In at least one embodiment, some applications used in advanced processing and reasoning pipelines may use machine learning models or other AI to perform one or more processing steps. In at least one embodiment, the machine learning model may be trained at the facility 4302 using data 4308 (e.g., imaging data) generated at the facility 4302 (and stored on one or more Picture Archiving and Communication System (PACS) servers at the facility 4302), the machine learning model may be trained using imaging or sequencing data 4308 from another one or more facilities (e.g., a different hospital, laboratory, clinic, etc.), or a combination thereof. In at least one embodiment, the training system 4304 may be used to provide applications, services, and/or other resources to generate a work, deployable machine learning model for deploying the system 4306.

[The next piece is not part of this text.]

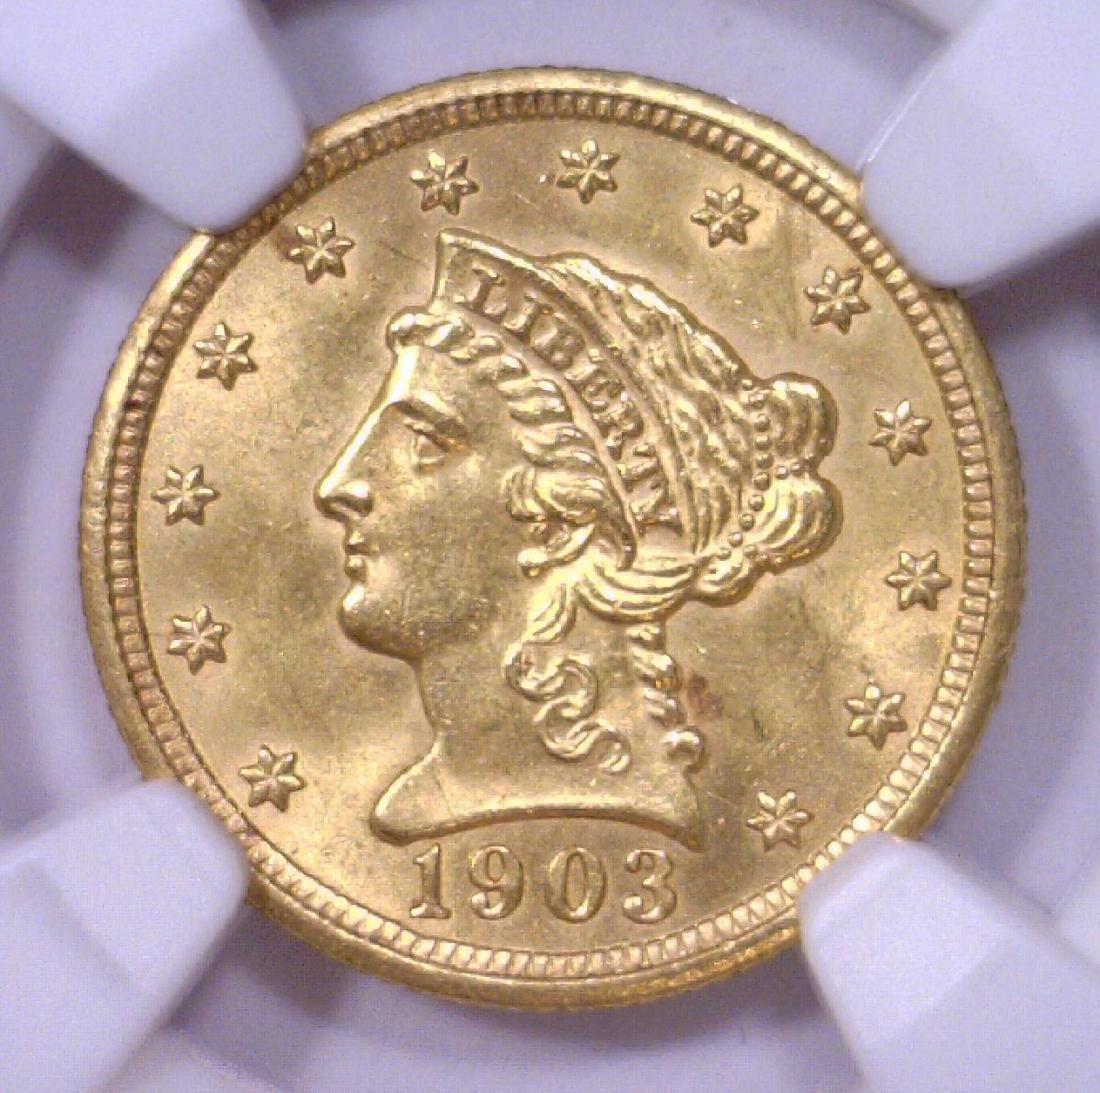 1903 $2.5 Gold Quarter Eagle NGC UNC details R/S
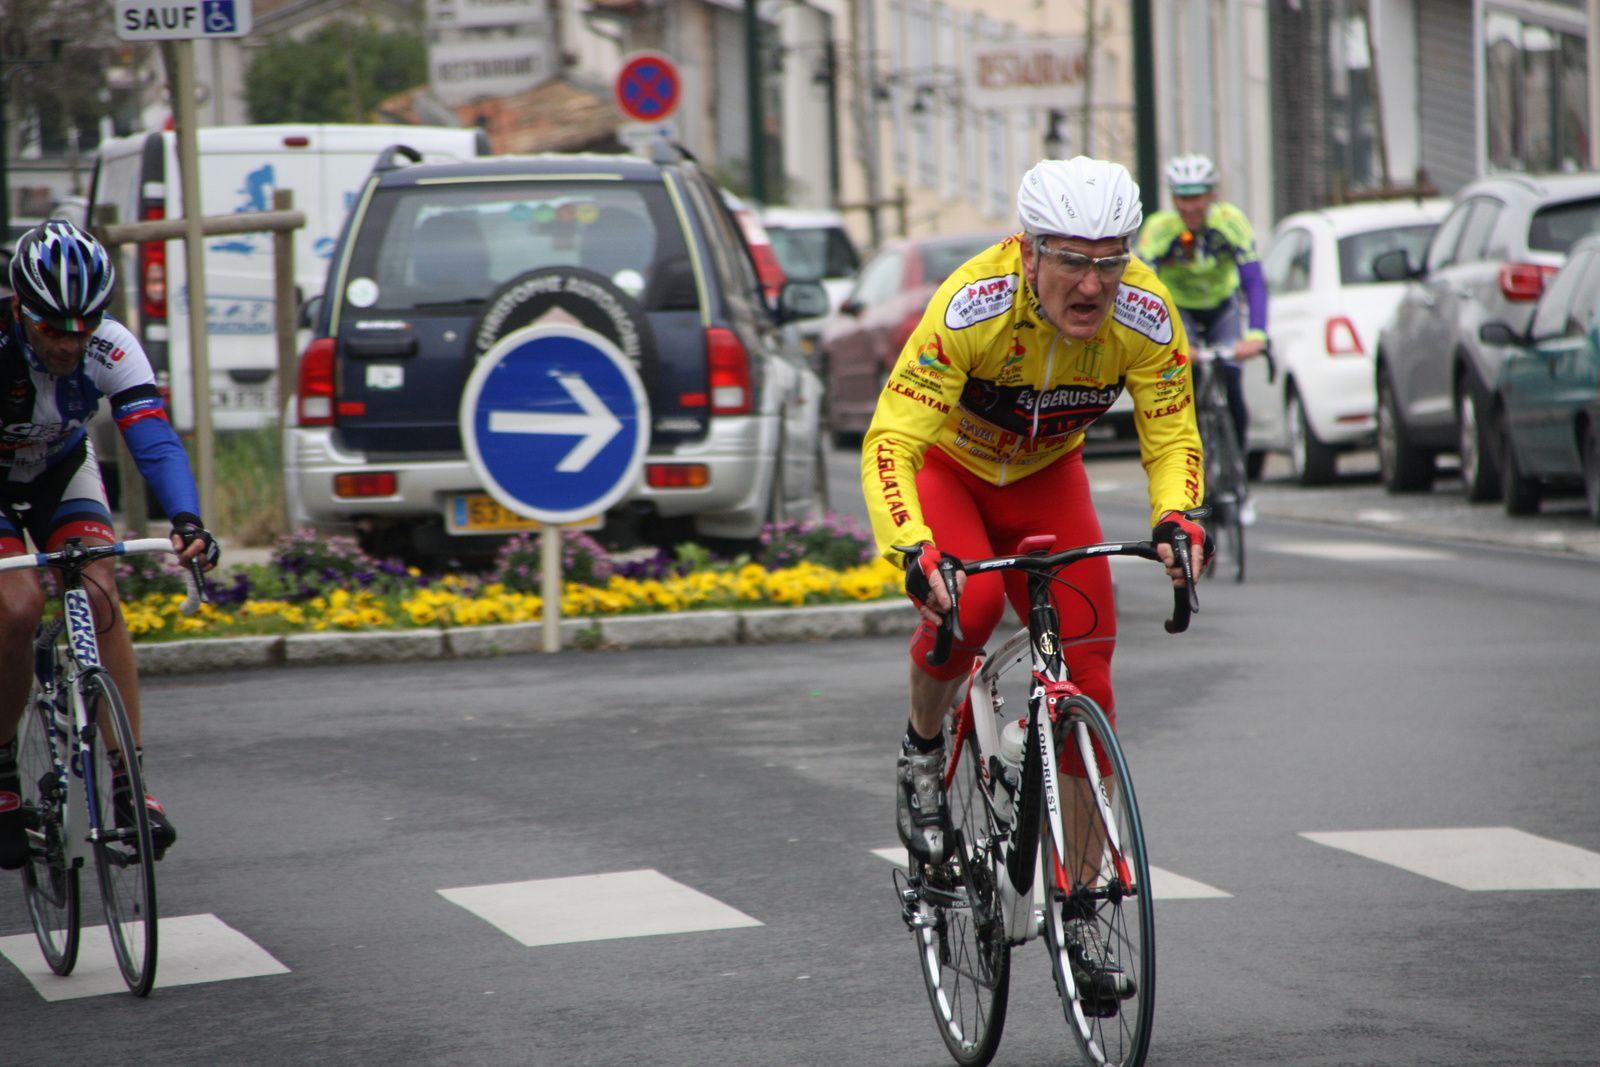 Un  coureur  de  l'ES  Bardenac  est  sortit  à  son  tour.

In at least one embodiment, model registry 4324 can be supported by an object store, which can support version control and object metadata. In at least one embodiment, the object store may be accessed from within the cloud platform through, for example, a cloud storage (e.g., cloud 4426 of fig. 44) compatible Application Programming Interface (API). In at least one embodiment, the machine learning model within model registry 4324 can be uploaded, listed, modified, or deleted by a developer or partner of the system interacting with the API. In at least one embodiment, the API may provide access to a method that allows a user with appropriate credentials to associate a model with an application such that the model may be executed as part of the execution of a containerized instantiation of the application.
In at least one embodiment, the training pipeline 4404 (FIG. 44) may include the following: where the facility 4302 is training their own machine learning model or has an existing machine learning model that needs to be optimized or updated. In at least one embodiment, imaging data 4308 generated by an imaging device, a sequencing device, and/or other types of devices may be received. In at least one embodiment, upon receipt of the imaging data 4308, the ai-assisted annotation 4310 can be used to help generate annotations corresponding to the imaging data 4308 for use as ground truth data for a machine learning model. In at least one embodiment, the AI-assisted annotation 4310 can include one or more machine learning models (e.g., convolutional Neural Networks (CNNs)) that can be trained to generate annotations corresponding to certain types of imaging data 4308 (e.g., from certain devices), and/or certain types of anomalies in the imaging data 4308. In at least one embodiment, the AI-assisted annotation 4310 can then be used directly, or can be adjusted or fine-tuned using an annotation tool (e.g., by a researcher, clinician, doctor, scientist, etc.) to generate ground truth data. In at least one embodiment, in some examples, the labeled clinical data 4312 (e.g., annotations provided by a clinician, doctor, scientist, technician, etc.) can be used as ground truth data for training a machine learning model. In at least one embodiment, AI-assisted annotation 4310, labeled clinical data 4312, or a combination thereof, can be used as ground truth data for training a machine learning model. In at least one embodiment, the trained machine learning model may be referred to as the output model 4316 and may be used by the deployment system 4306 as described herein.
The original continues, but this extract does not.